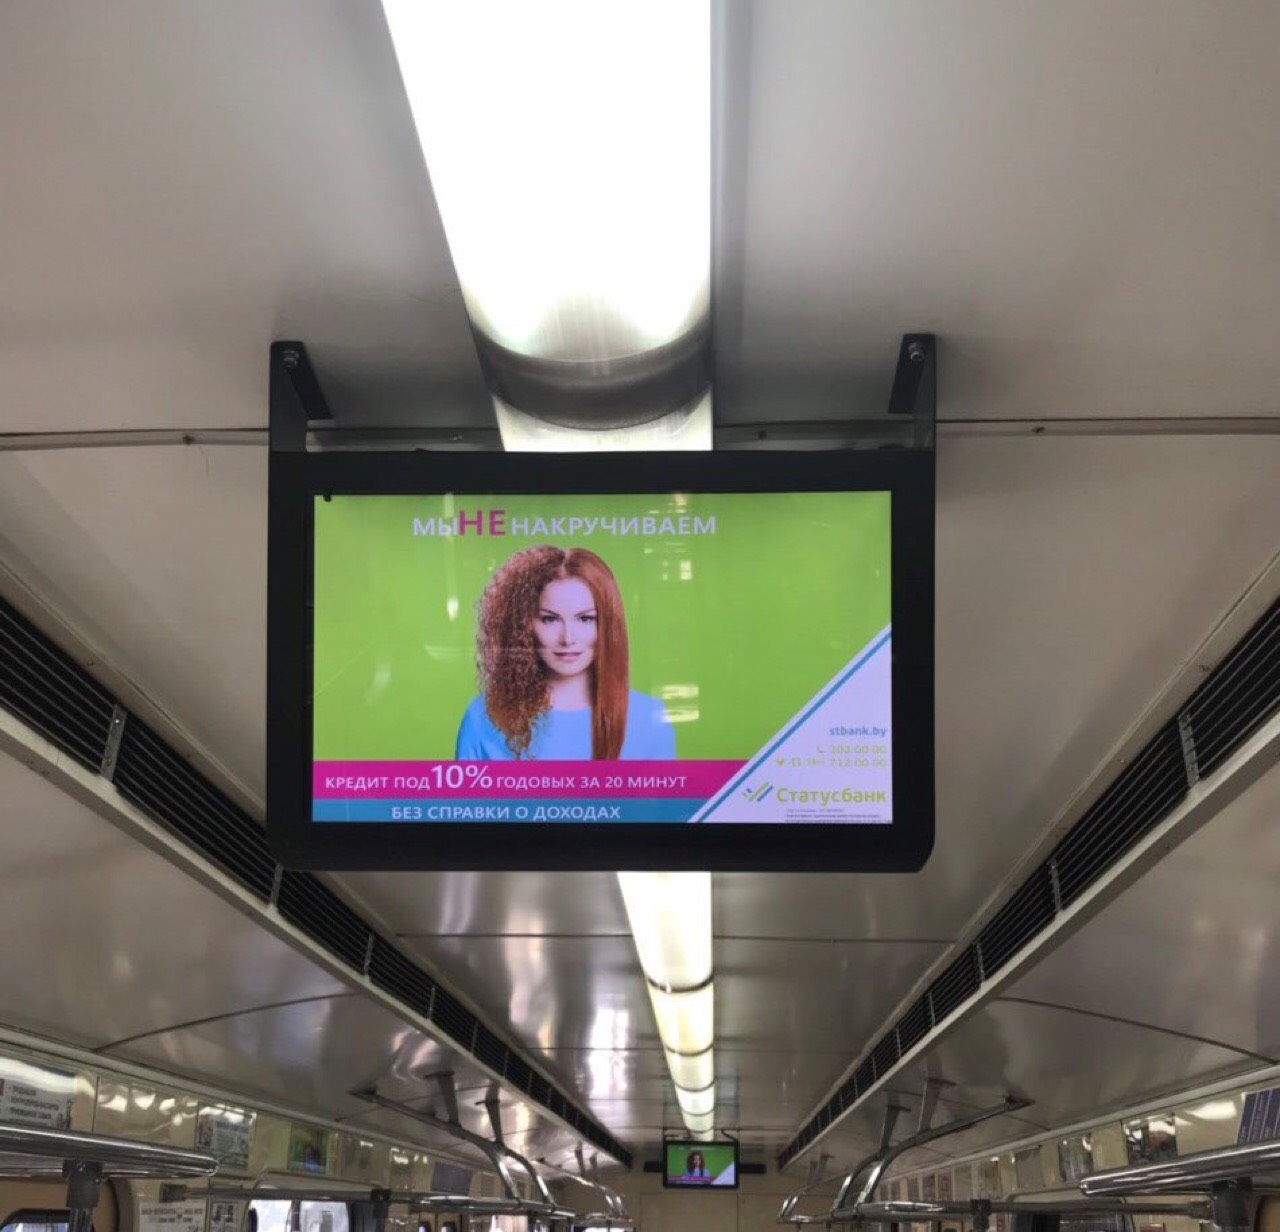 Продаётся рекламный бизнес: LCD экраны в вагонах метро
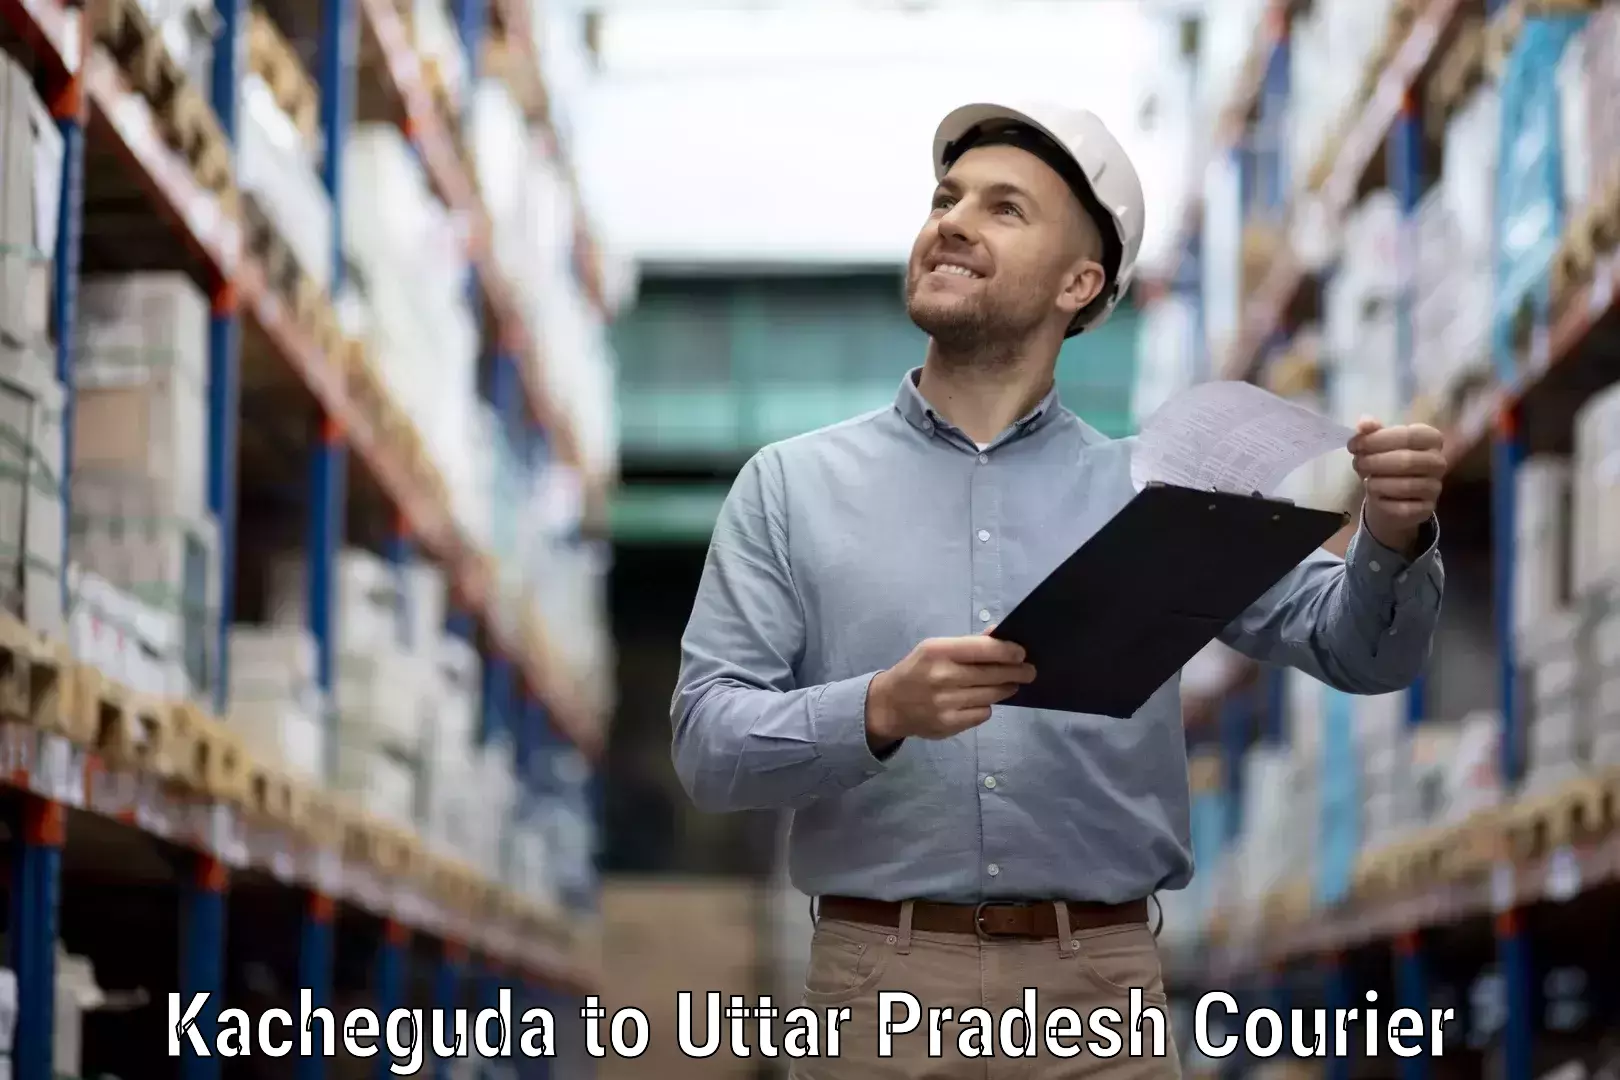 Smart logistics solutions Kacheguda to Uttar Pradesh
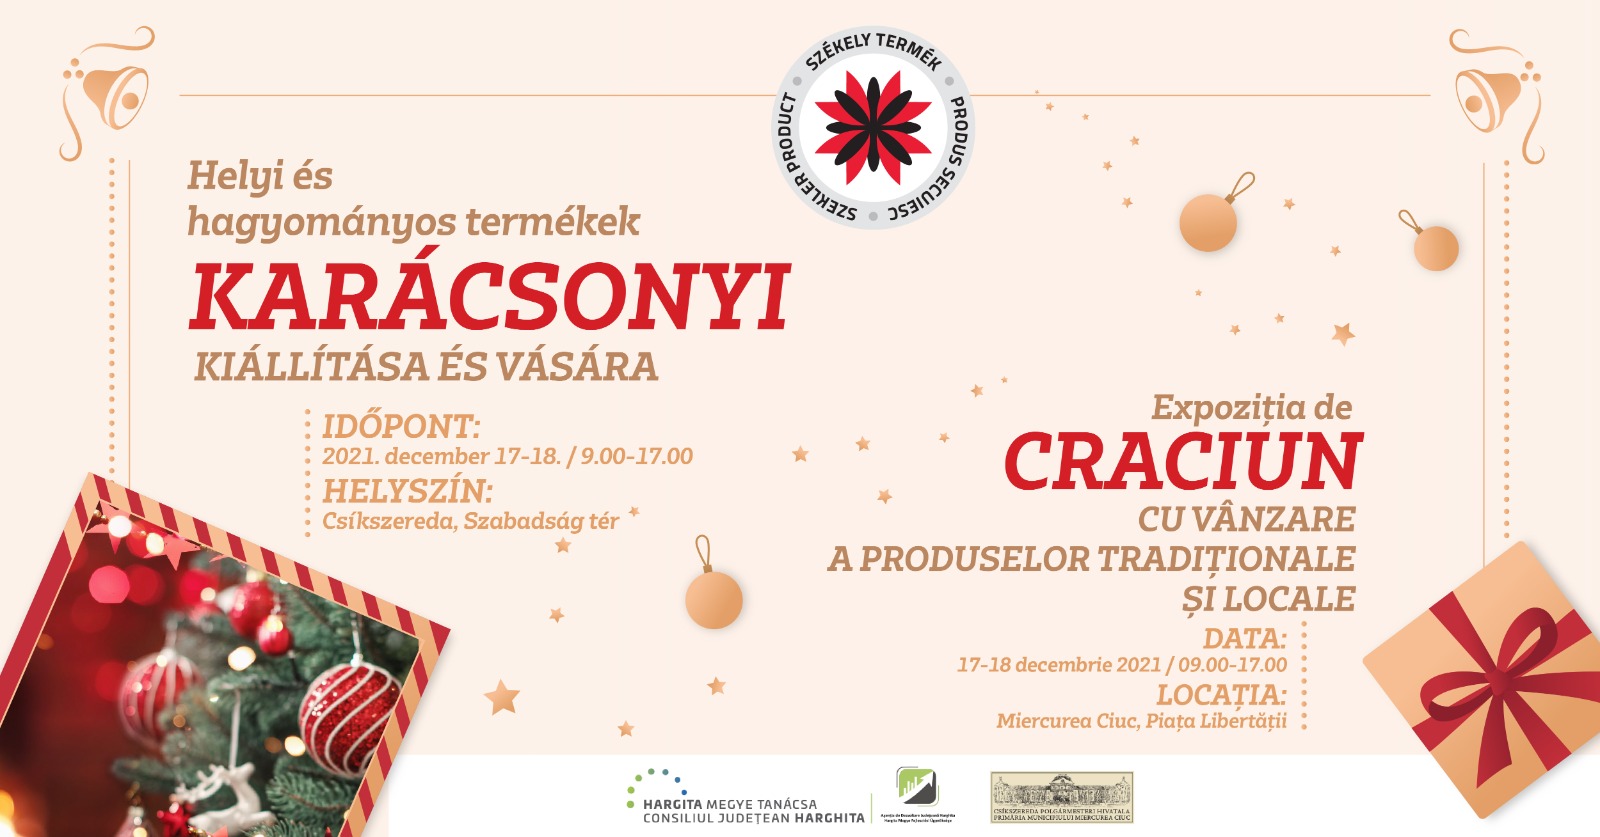 Expoziția de Crăciun cu vânzare a produselor tradiționale și locale (Miercurea-Ciuc)

_WHAT IS REQUIRED:_ An exact reproduction of the data is needed, with no pictures included.

_ANSWER TO THIS TASK:_
 Продаётся рекламный бизнес: LCD экраны в вагонах метро
 Smart logistics solutions Kacheguda to Uttar Pradesh
 Expoziția de Crăciun cu vânzare a produselor tradiționale și locale (Miercurea-Ciuc)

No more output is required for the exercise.